In this example, compare the standard IEEE® arithmetic results of scaling significands by 2 raised to the power of exponents and the `pow2` results.

Create a cell array of character vectors to represent the exact values of several significands. Specify the exponents.

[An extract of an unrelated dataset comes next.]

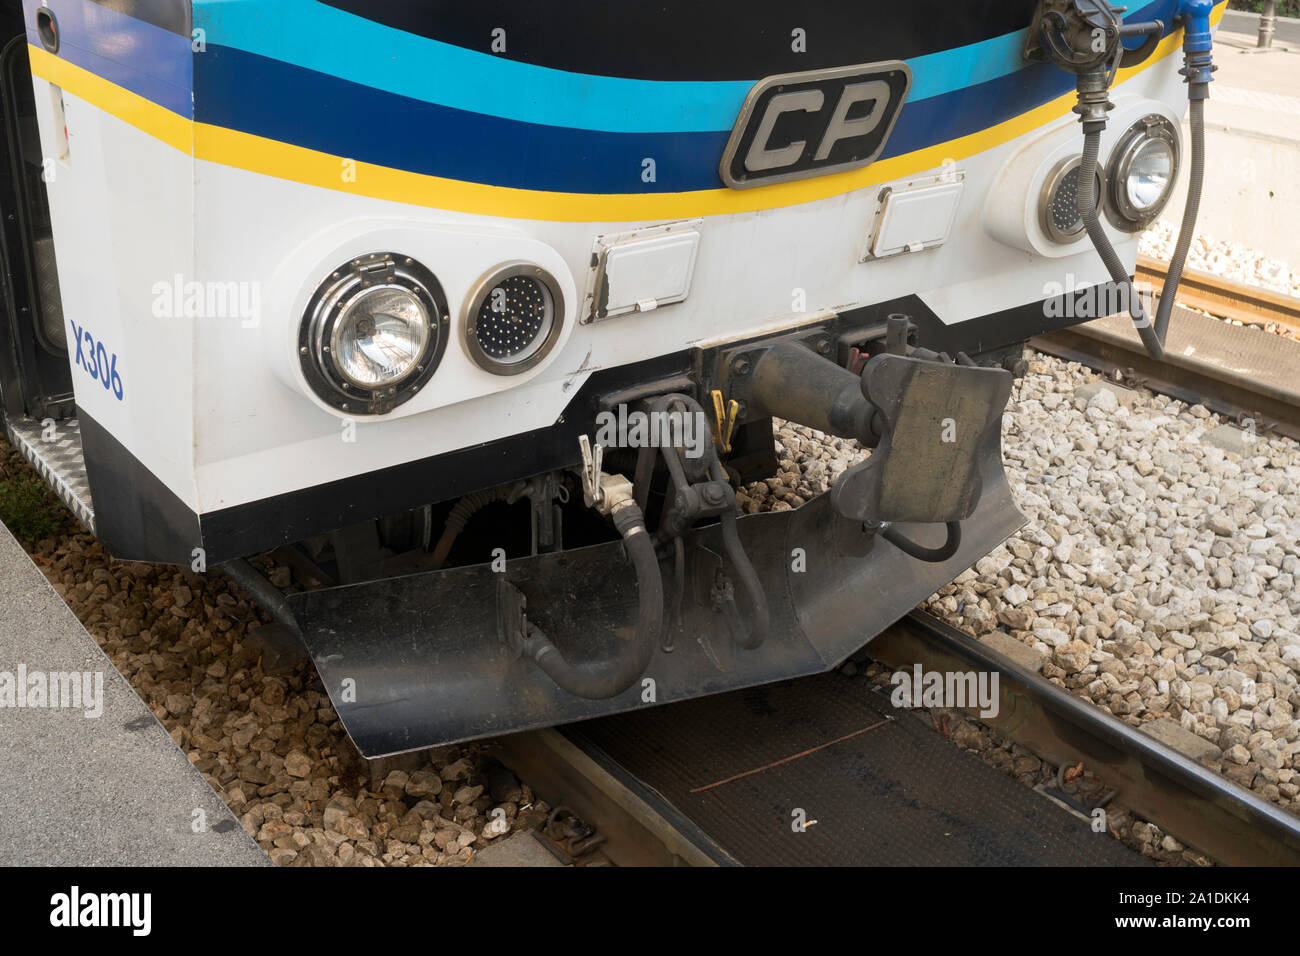 Detail view of snow plough and couplings on Gare des Chemins de Fer de Provence railcar in Nice, France, Europe Stock Photo
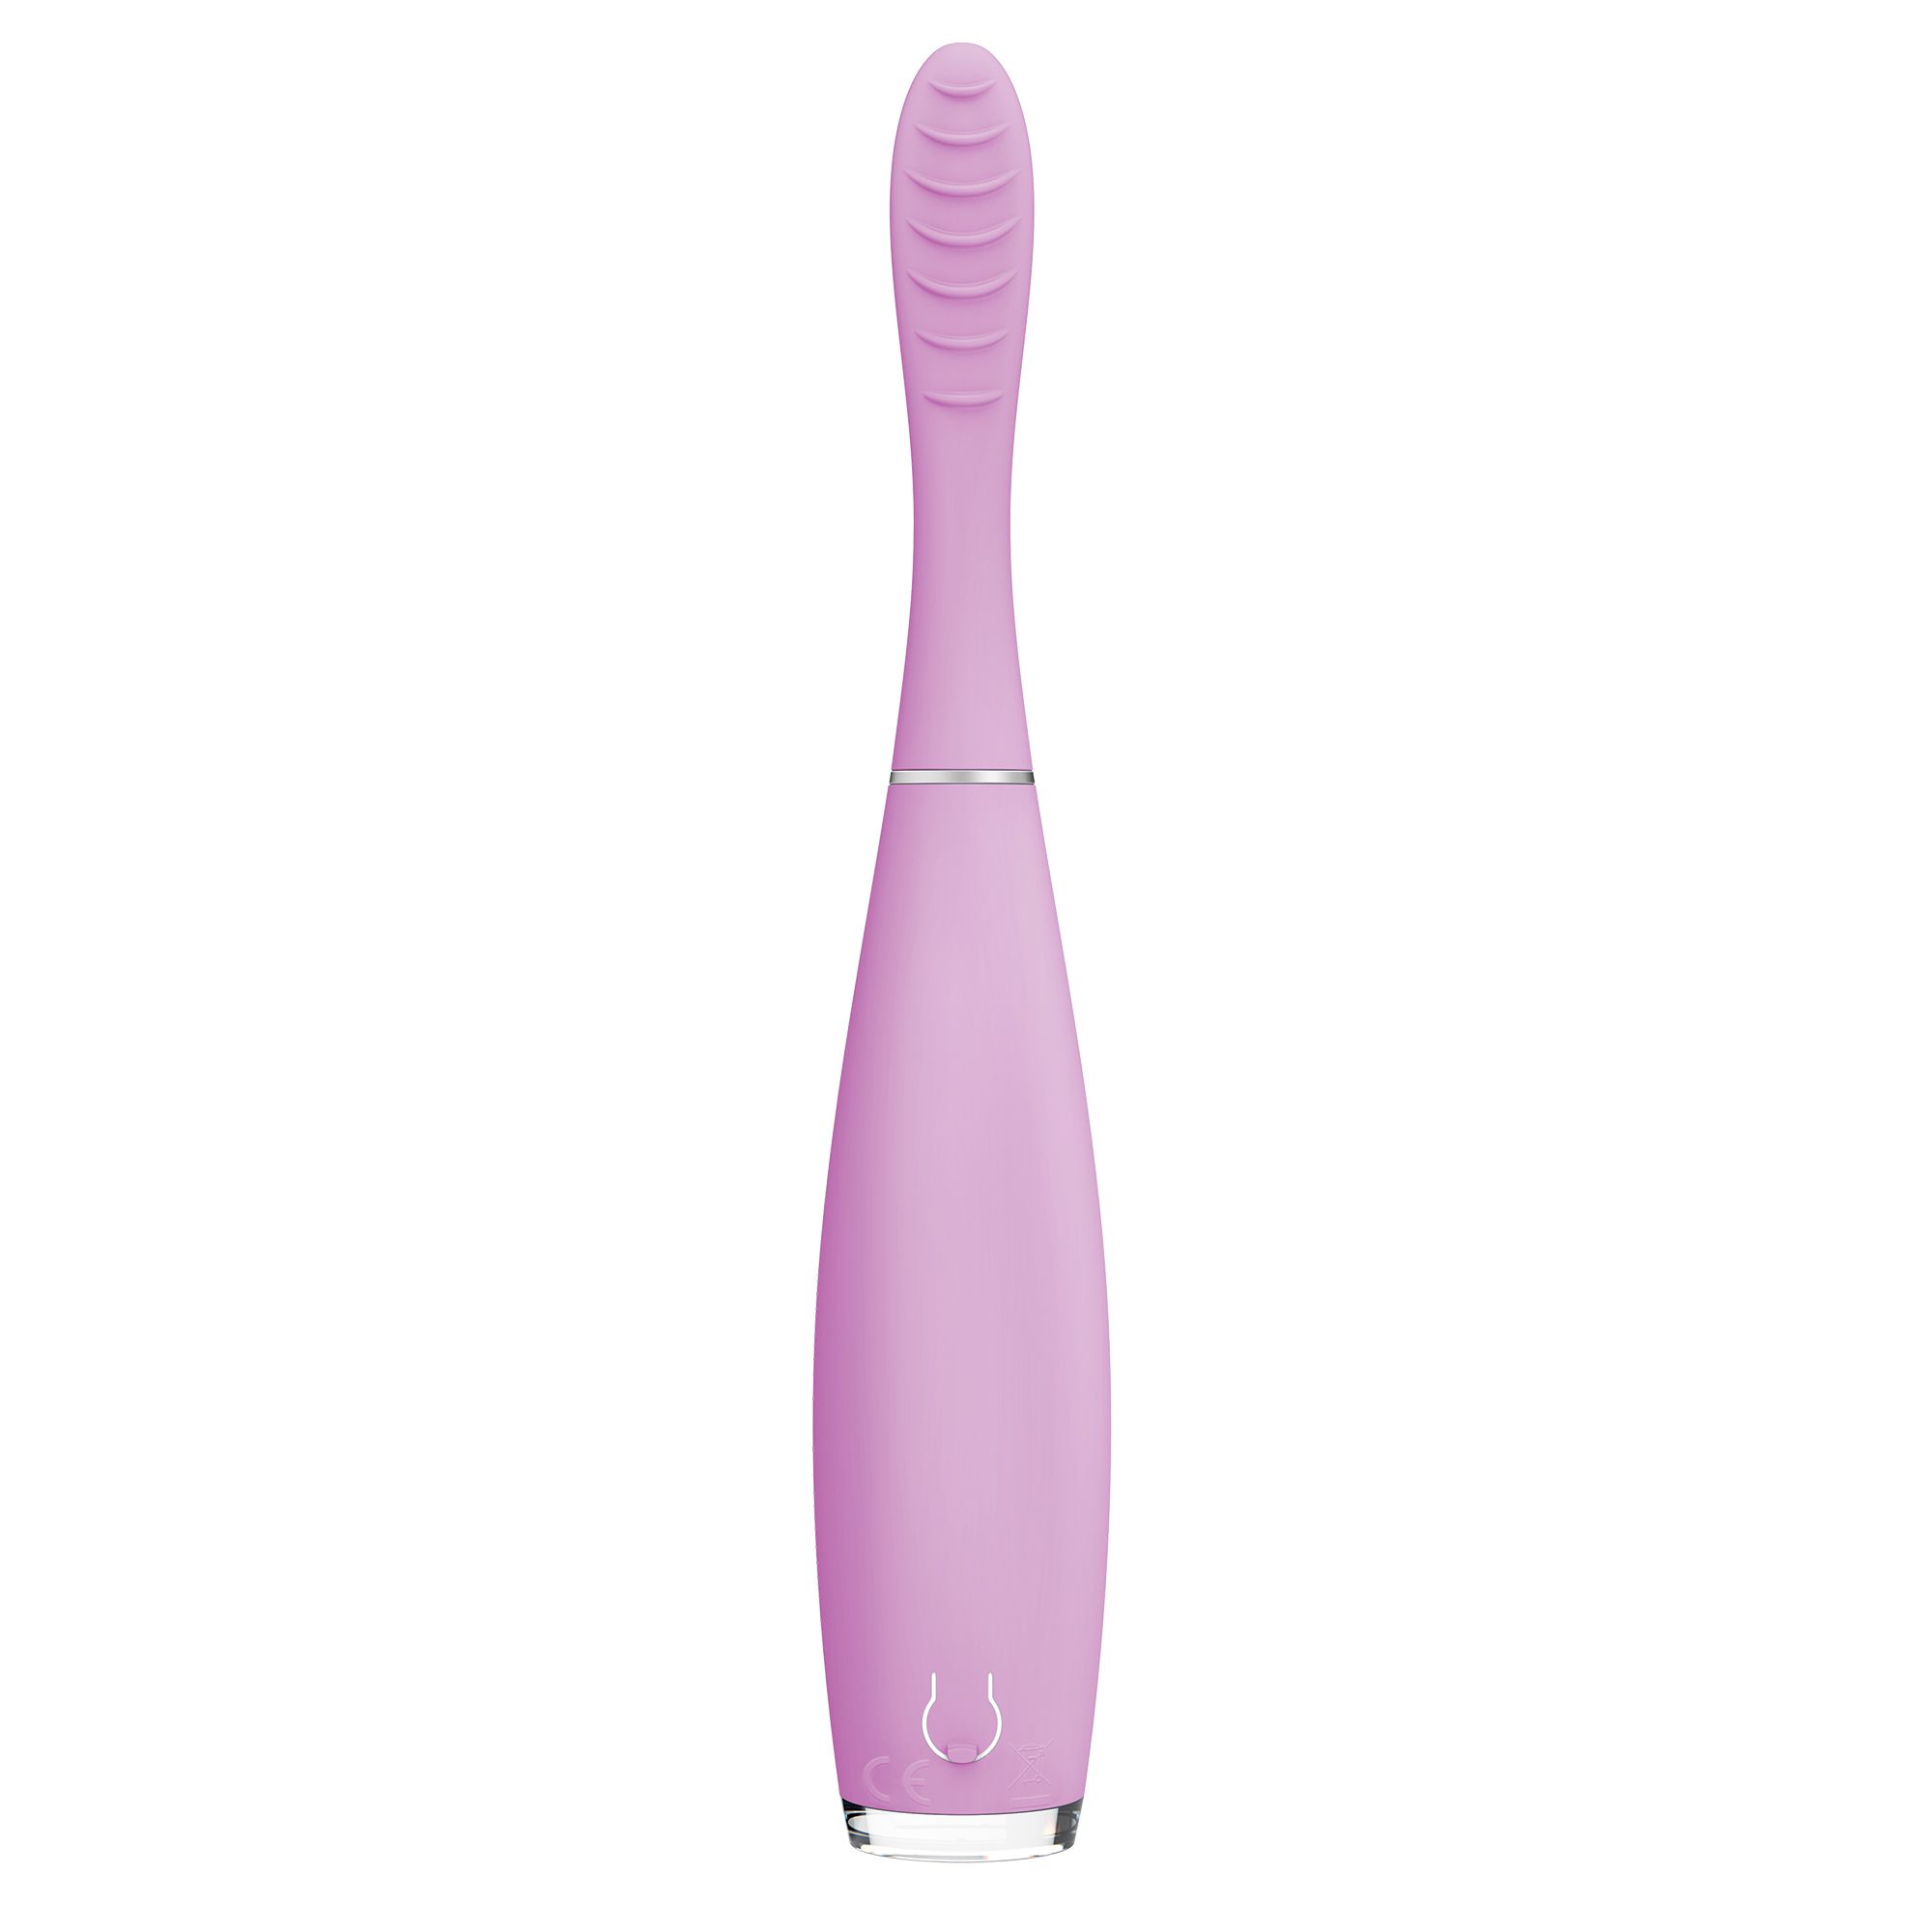    Foreo Issa, Lavender

```Xcell = {'1/2','pi/4','-3/4','1/2','1-eps/2','1/2'}'; E = [1 2 2 -51 1024 -1021]';```

Specify `Ycell` as the standard IEEE arithmetic results of scaling `Xcell` by `2` raised to the power of `E`. Show these results in a table.

```Ycell = {'1','pi','-3','eps','realmax','realmin'}'; table(Xcell,E,Ycell,'VariableNames',["Significand" "Exponent" "Value"])```
```ans=6×3 table Significand Exponent Value ___________ ________ ___________ {'1/2' } 1 {'1' } {'pi/4' } 2 {'pi' } {'-3/4' } 2 {'-3' } {'1/2' } -51 {'eps' } {'1-eps/2'} 1024 {'realmax'} {'1/2' } -1021 {'realmin'} ```

Next, compare the results in the table to `pow2`.

Convert `Xcell` to floating-point numbers `X`. Scale `X` by `2` raised to the power of `E` by using `pow2(X,E)`.

```X = str2num(char(Xcell)); Y = pow2(X,E)```
```Y = 6×1 10308 × 0.0000 0.0000 -0.0000 0.0000 1.7977 0.0000 ```

Convert `Ycell` to floating-point numbers `Ynum`. Show that `pow2` follows the standard IEEE arithmetic operations by comparing `Y` and `Ynum` using `isequal`.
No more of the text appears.